Intention-to-treat (ITT), per protocol (PP), and as treated (AT) methods have commonly been used to analyze data from experimental studies involving human subjects. ITT analysis includes all patients regardless of whether they adhered to the prescribed protocol and is recommended as the least biased method to estimate treatment effects in randomized controlled trials (RCTs)[14]. Excluding patients from the analysis who do not adhere to the assigned treatment is called per protocol (PP) analysis.

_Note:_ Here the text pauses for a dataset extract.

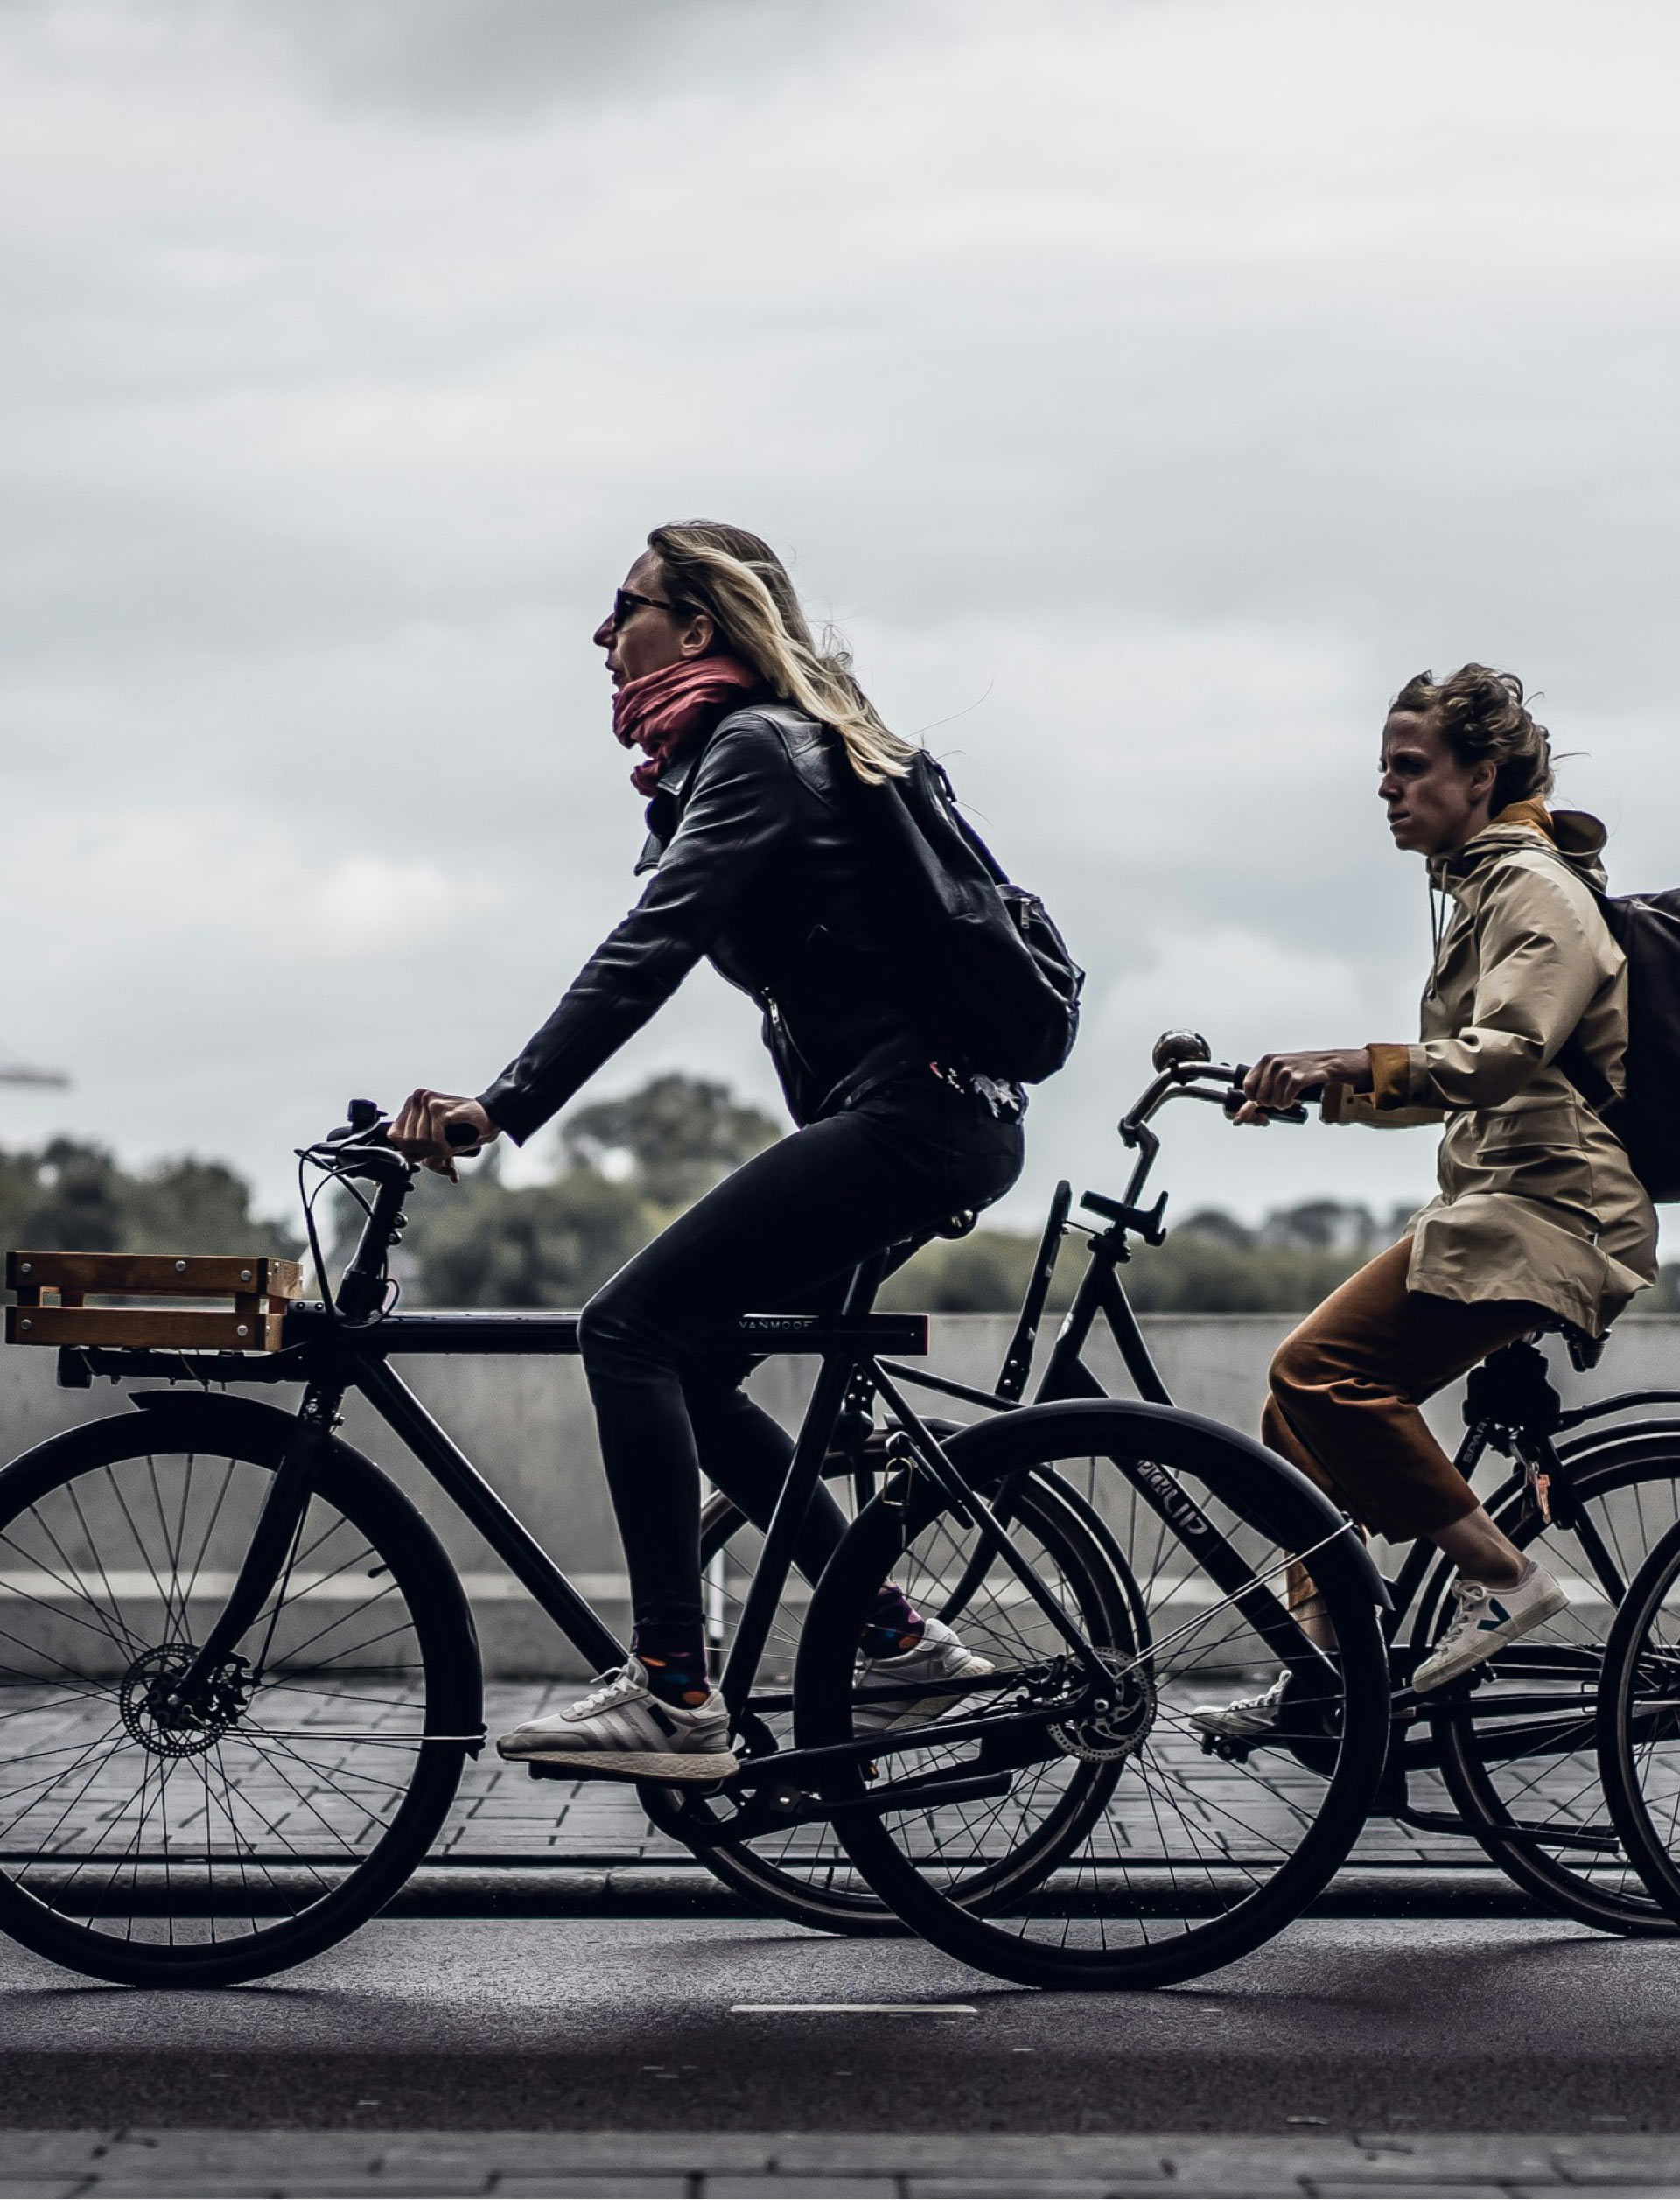 Two women riding bicycles on a city street.

It is designed to measure the treatment effects only in patients who complied with the treatment and ignores the ones who were intended to receive treatment but did not actually receive it [57]. Not discarding information and analyzing patients according to the treatment received rather than intended is called as treated (AT) or treatment received analysis [4, 7]. On its face value PP and AT analysis seem to be reasonable alternatives to ITT. However, both estimates can be unreliable because non-compliance to the protocol cannot be assumed random and may be related to many factors, which may include adverse events, prognosis, etc. and lead to selection bias compromising the purpose of randomization.

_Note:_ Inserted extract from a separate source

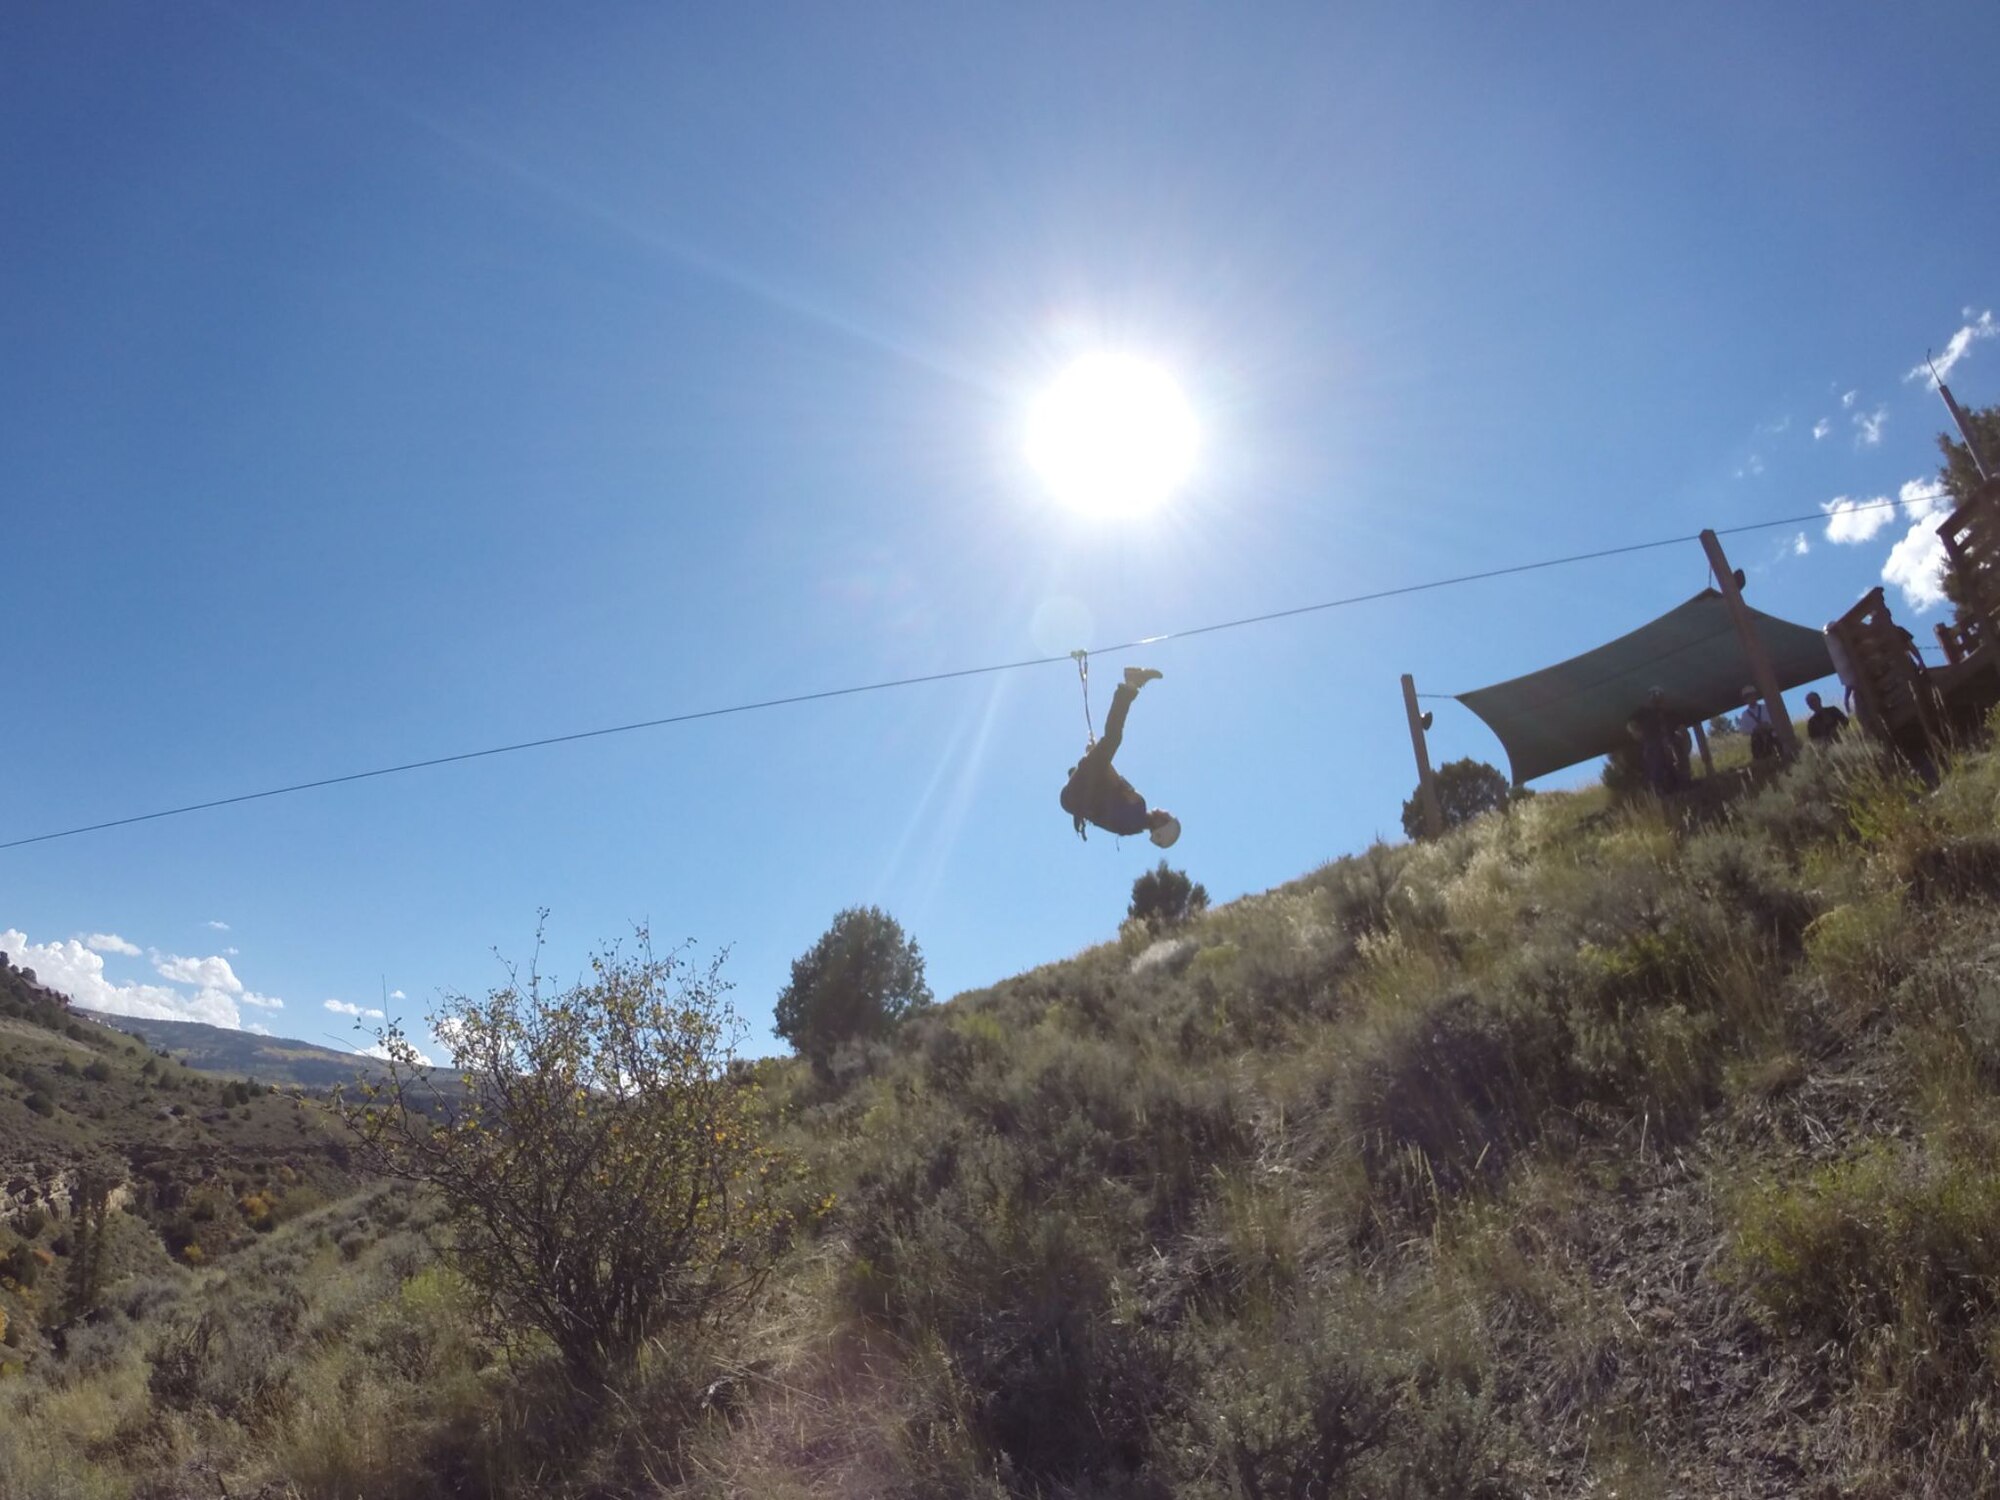 The Buckley Air Force Base Outdoor Recreation program hosted its first zip line tour for Airmen and their families at Vail’s Zip Adventure in Colorado, Sept. 20. (U.S. Air Force photo/

Differences in the calculated estimates using ITT, PP and AT methods can be considerable[6]. A recent study comparing treatment effects using ITT versus PP methods concluded that on average, the PP estimate (log odds ratio [OR]) is 1.25 times the ITT estimate [8]. The choice then seems to be between ITT analyses that eliminate selection bias and produces conservative estimates in favor of no treatment effects versus PP analyses that aim to produce actual but biased treatment effects.

As an alternative to ITT, PP or AT analysis, instrumental variable (IV) methods have been proposed [6, 9]. IV analysis derives potentially unbiased estimates of treatment effects and has been extensively discussed and applied in the medical literature, both in the context of individual RCTs [1012] and observational studies [1317]. However, the IV methodology based on the treating center prescribing preference (CPP) has not been applied in the context of individual patient data meta-analyses (IPD MA), which has been described as the gold standard for combining evidence from existing clinical trials [1820]. Specifically, the effects of unaccounted confounding variables in the context of RCTs (e.g. effect of co-interventions in one arm versus other) have not been systematically evaluated. We are interested in applying the IV methodology in the context of IPD MA and AT data. Specifically, our objective is to test the strength of CPP as an instrument and obtain less biased estimates of the effect of methotrexate (MTX) on chronic graft-versus-host-disease (cGVHD) in transplant patients with hematological malignancies.

Methods

Previously collected IPD from nine separate randomized controlled trials were used to address the objective of this study [21]. The study was approved by the University of South Florida Institutional Review Board, which is accredited by the Association for the Accreditation of Human Research Protection Programs. Transplant patients were randomized to receive either peripheral blood stem cell transplant (PBSCT) or bone marrow transplant (BMT). Chronic GVHD is one of the most serious complications of stem cell transplantation that is associated with significant morbidity and mortality. The incidence of cGVHD is significantly increased in the patients who receive PBSCT [22], which on the other hand may provide benefits in terms of the increases in the overall and disease free survival. In order to counter the negative effects of cGVHD, particularly related to the use of PBSCT, some centers preventatively administered four doses of MTX (on days 1, 3, 7, and 11), while others administered three doses (on days 1, 3, and 7). It is not clear if the fourth dose of MTX provides an additional prophylactic effect on the incidence of cGVHD. Three centers prescribed three doses of MTX and six centers prescribed four doses of MTX to all their patients. Out of 1107 patients, 135 had missing values for cGVHD and were therefore not evaluable for the outcome and excluded. The analysis was not adjusted for the missing values of cGVHD, as attempts to impute data would produce results using assumptions that currently cannot be justified on a theoretical or empirical basis. We re-analyzed the data using IV methodology and center prescribing preference (CPP) as the instrument to correct for non-compliance. The distribution of CPP and cGVHD by the number of doses of MTX actually received is summarized in Table 1.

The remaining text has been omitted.